Multiple animal studies have postulated that blockade of opioid neurotransmission leads to reduction in body weight and thirst mechanism. Opioid peptides and receptors are highly condensed in paraventricular and supraoptic hypothalamic nuclei which are believed to be the site of opioid antagonism in animals [21]. Kurbanovb et al studied the effects of naltrexone on food intake and body weight in olanzapine treated rats. They observed significant reduction in food intake and body weight in the combined olanzapine and naltrexone treated group in contrast to the group that only received naltrexone [22].
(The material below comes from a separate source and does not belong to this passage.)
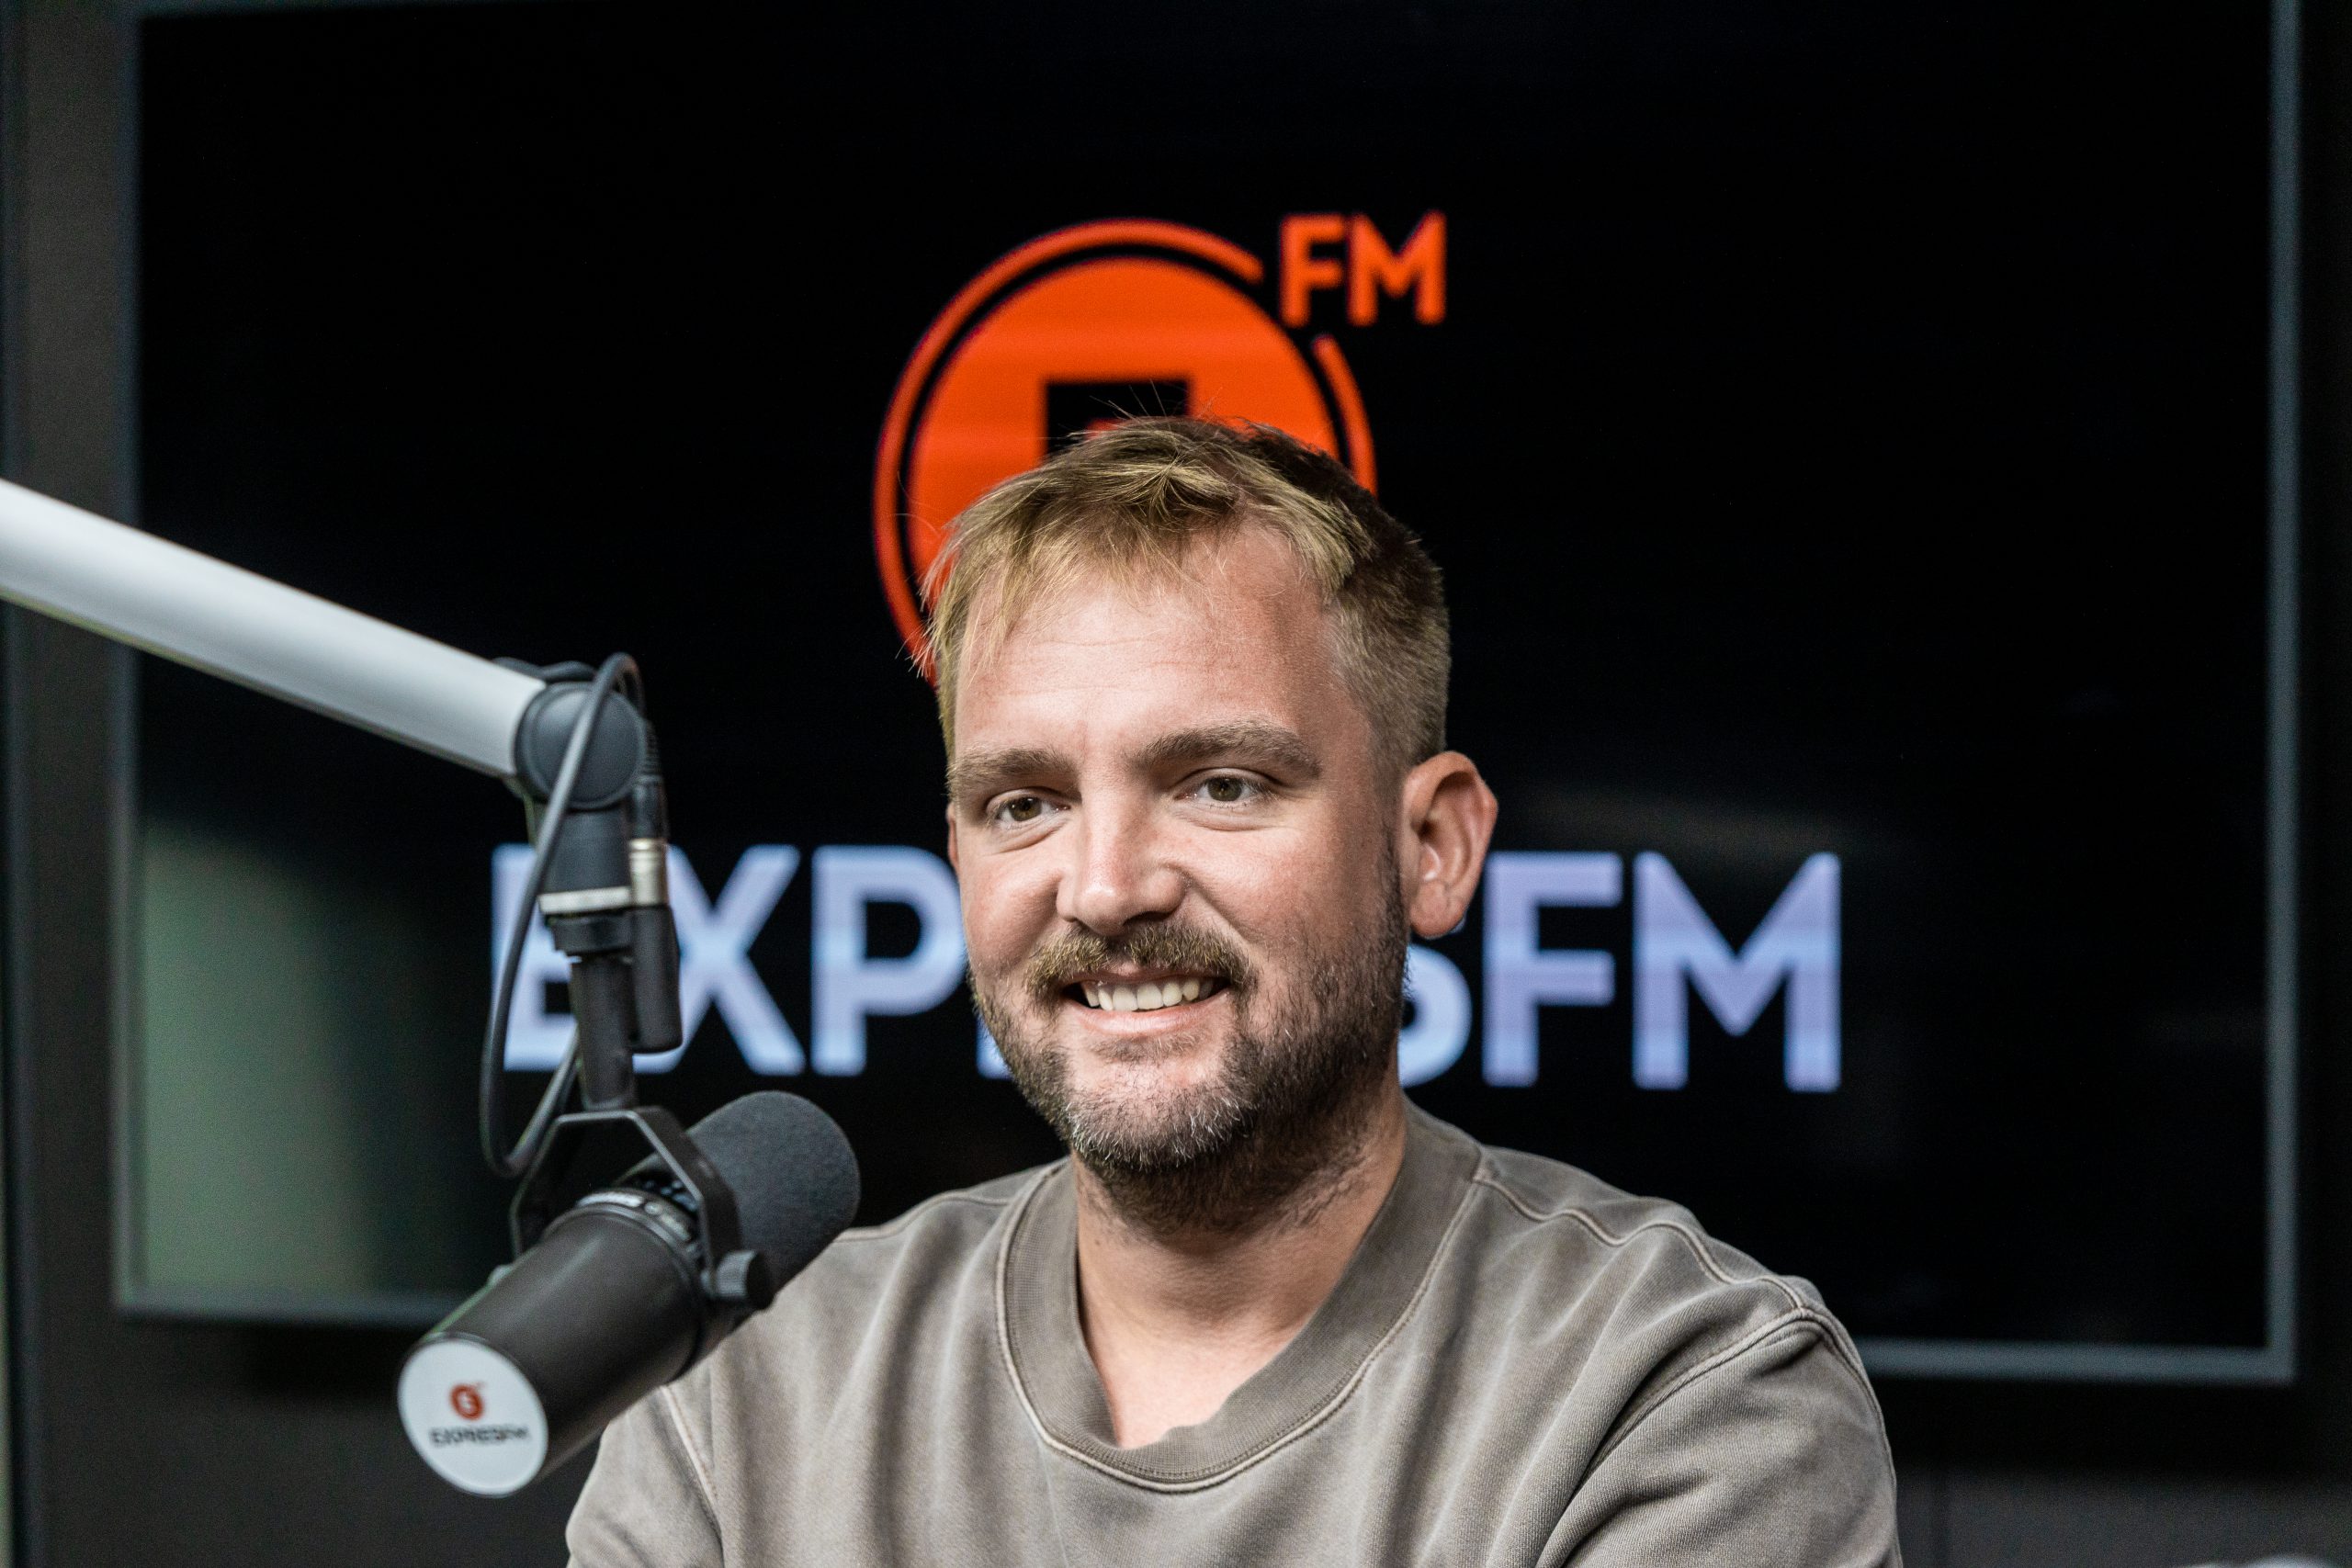 Libor Bouček se vrací do českého éteru! Moderovat bude každý všední den od 10:00 na rádiu Expres FM 
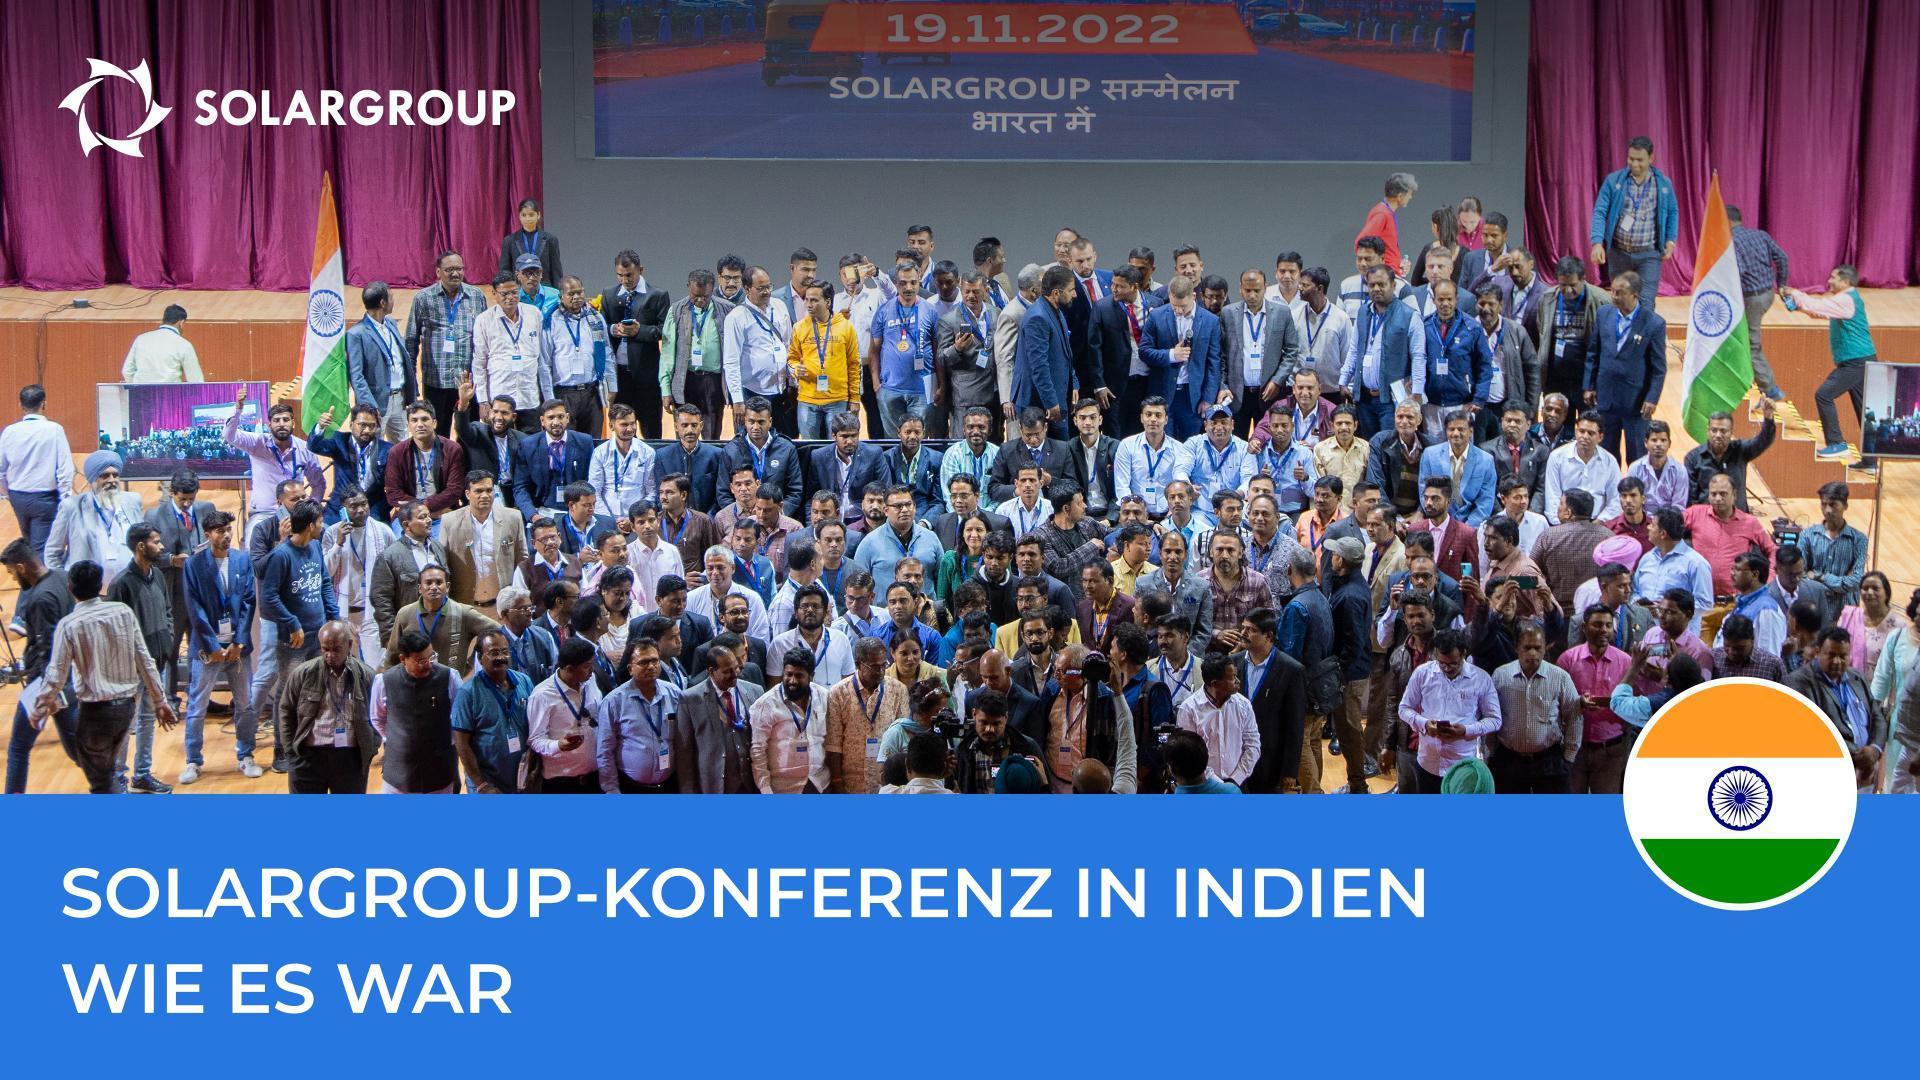 SOLARGROUP-Konferenz in Indien: die Highlights der Veranstaltung

In an open design study, naltrexone 50 mg PO/day was added for a period of 6-weeks to the anti-psychotic regimen of seven inpatient PP hyponatremic patients where they demonstrated significant reduction in mannerisms and diurnal weight change during their last treatment period. However, the results of the study were limited due to small sample size and warranted larger studies to support the hypothesis that behaviors such as compulsive drinking were mediated by endogenous opiates [19,23]. More recently, a successfully treated case of PP has been reported where a 47-year old male patient with PP responded well to a combination therapy of irbesartan 300 mg and naltrexone 50 mg [24].

Conclusions

Psychogenic polydipsia is a common condition observed in various psychiatric facilities. Fluid restriction is a successful measure to treat the acute symptoms. However, there is a need for pharmacological intervention to treat the polydipsic symptoms in the long term. Given the above-mentioned facts, it is implied that naltrexone can play an pivotal role in treating psychogenic polydipsia in chronic psychiatric patients. However, more cases should be reported to elaborate the efficacy of naltrexone as an adjuvant in treating self-drinking behaviors.